Puenzo: Absolutely. We wrote ‘La Jauria’ almost two years ago, so in a way that feat was ahead of its time. It was a constant dialogue with everything going on, not only in Chile, but in Latin America and the world, especially regarding young women and then eventually women of all ages and men getting together and taking to the streets to fight.
Vesper: From the Fremantle side, what was so exciting when we started looking at it was how it fit so well into this deeper movement that was happening around the world, and in a way was just coming to fruition. I think that each culture is a little different in how it comes to understanding violence against women, and the struggles with patriarchy and the sort of conflicts between classes. It’s all part of the same package in this show that is completely thrilling on its own merits.
Various types of gender abuse are shown, and the series attempts to explain the origins of sexism while showing the benefits of female solidarity. Part of the entertainment of the series is seeing the gathering empowerment of the women cops.
Puenzo: From the beginning, we knew that if we wanted to explore gender violence, we really needed to go deep into all those spaces that that gender violence can occupy.

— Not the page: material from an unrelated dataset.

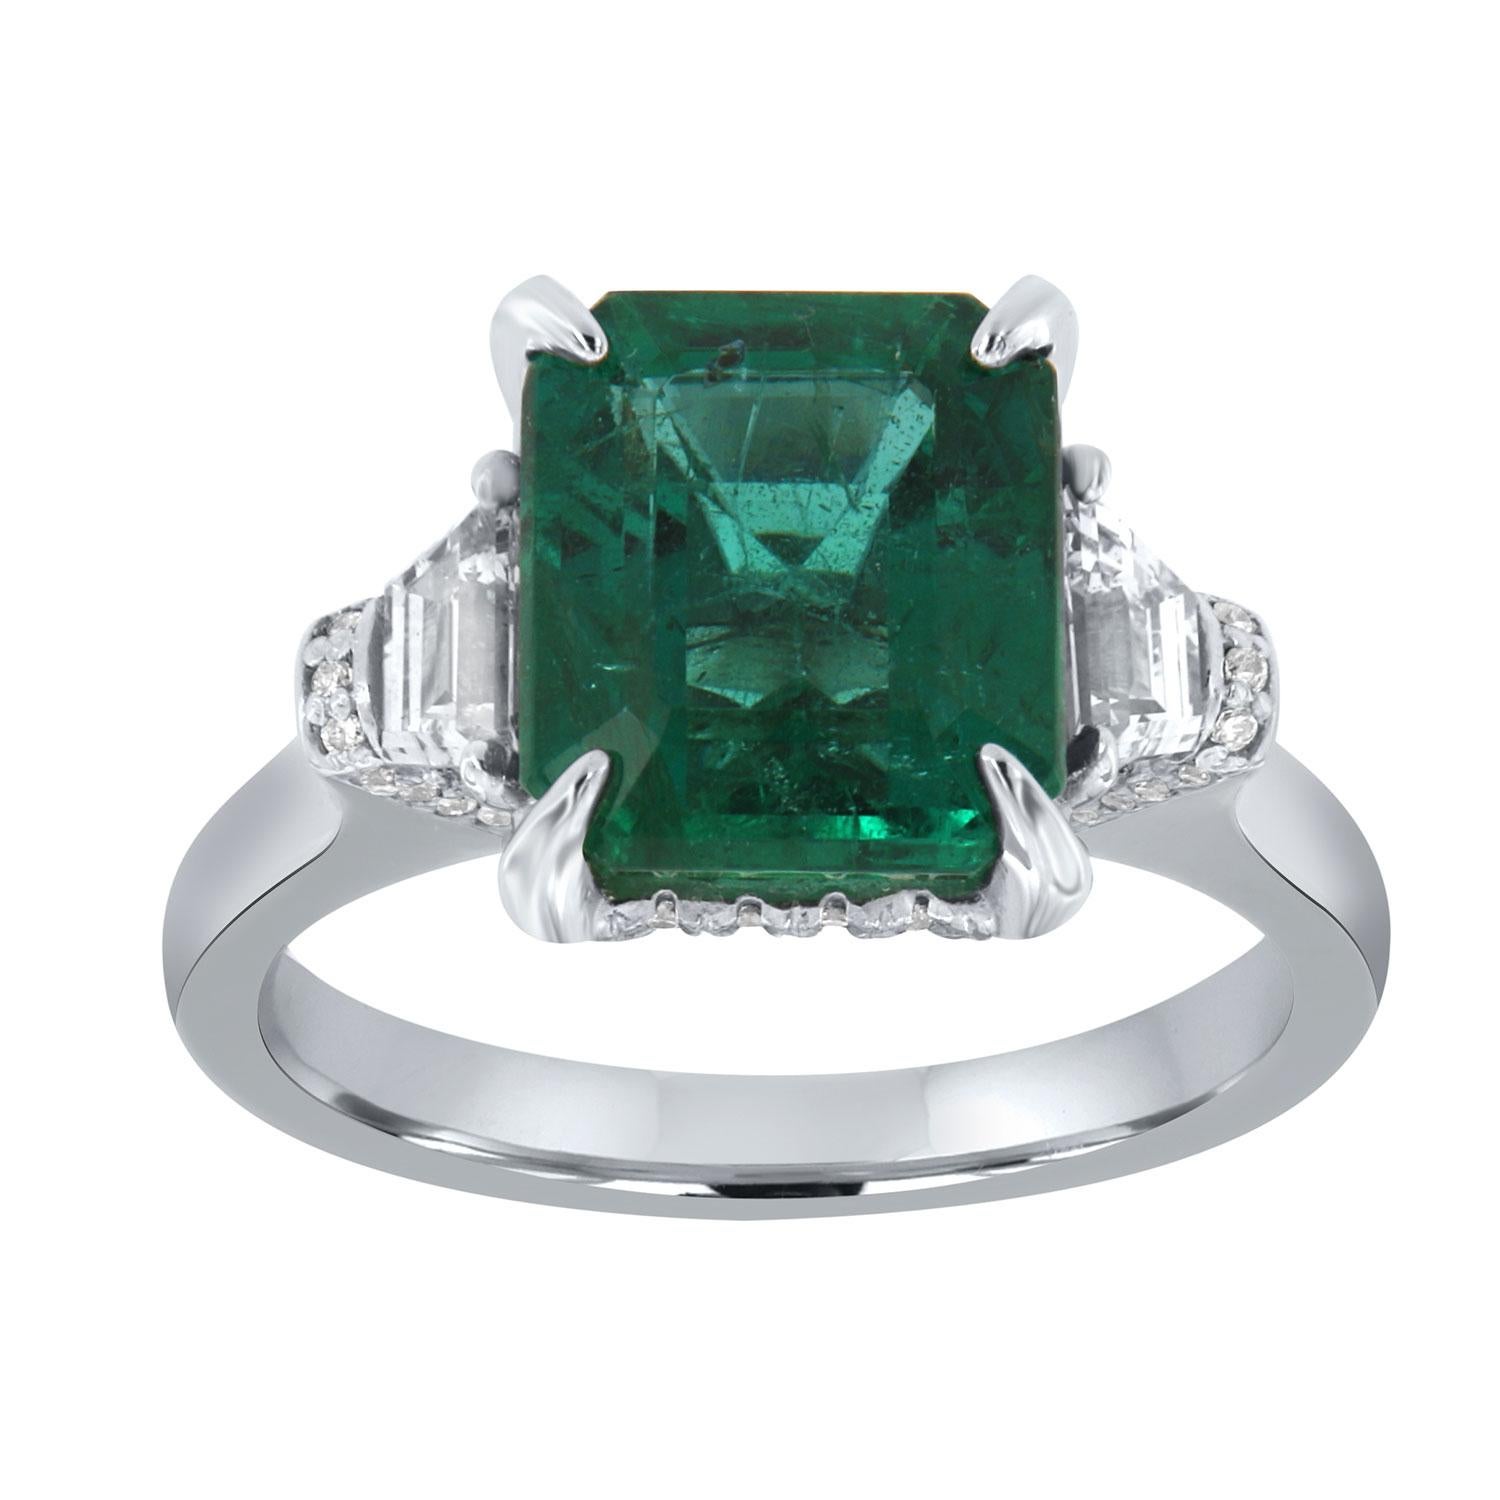 Bague en platine avec diamants et émeraude verte de 3,87 carats certifiée par le GIA

In the last two years the word abuse has been redefined. For example, now we understand a teacher looking at her underaged student in a sexual way is a form of abuse. Maybe years ago, that wasn’t the case. Also, abuse resonates not just with direct victims, but it poisons society and undermines everything that we are, and it affects the men in these women’s’ lives as well as the women themselves.
The male characters aren’t all monsters.
Puenzo: All the writers knew that we had to work hard not to minimize men, not to harbor stereotypes or make them less complex with only men as the villains. We worked hard on understanding boys who grow up to commit a gender violence, and that they are not all the same. Some truly are psychopaths, others are slowly integrated into this horrible game, and others were innocent victims themselves.
“La Jauria” is also a study of how psychology is forged faster in a grossly mediated world of internet and politics. The battle for power is fought out via social media, TV.
Puenzo: In talking about the contemporaneity of the series, it’s interesting that it reflects on how everything is influenced and forged by media. This is a very modern take. And I think that is the scariest thing. We really wanted to build on the monsters that we have inside our homes, which means nobody comes out of the story clean or untouched by this game.
Larraín: One of the most problematic aspects of media today, especially among young people, is “like culture.” If you have lots of “likes” then you’re someone popular or interesting. Everything turns into an attraction, and I think this lobo game allows unknown people to be someone. It’s terrifying because you’re buying an identity, you’re buying applause from people you don’t know, and that can make you do terrible things.
“La Jauría” is produced by Chile and the U.K., but its showrunner and one director – Nicolás Puenzo – are Argentine. It’s an early example of burgeoning Latin American regional fiction business, both in film and TV. Could you comment?
Larraín: Fremantle asked for something local. Bringing in Lucia, someone that grew up in a different culture, was an amazing exercise because although we know each other well, it’s different trying to read another culture and do something local.
Vesper: I think Fabula have such a clear sense of story that it transcends the local. They can tell stories anywhere and I think that’s what attracted us to working with them. This was a story that absolutely made sense to tell in Santiago. But artists like Lucia can work anywhere and are not relegated to just Latin-America.
Puenzo: On “La Jauría” it has been vital to write with Chilean writers for local authenticity. I also think this Chilean cast was the most talented I’ve ever worked with.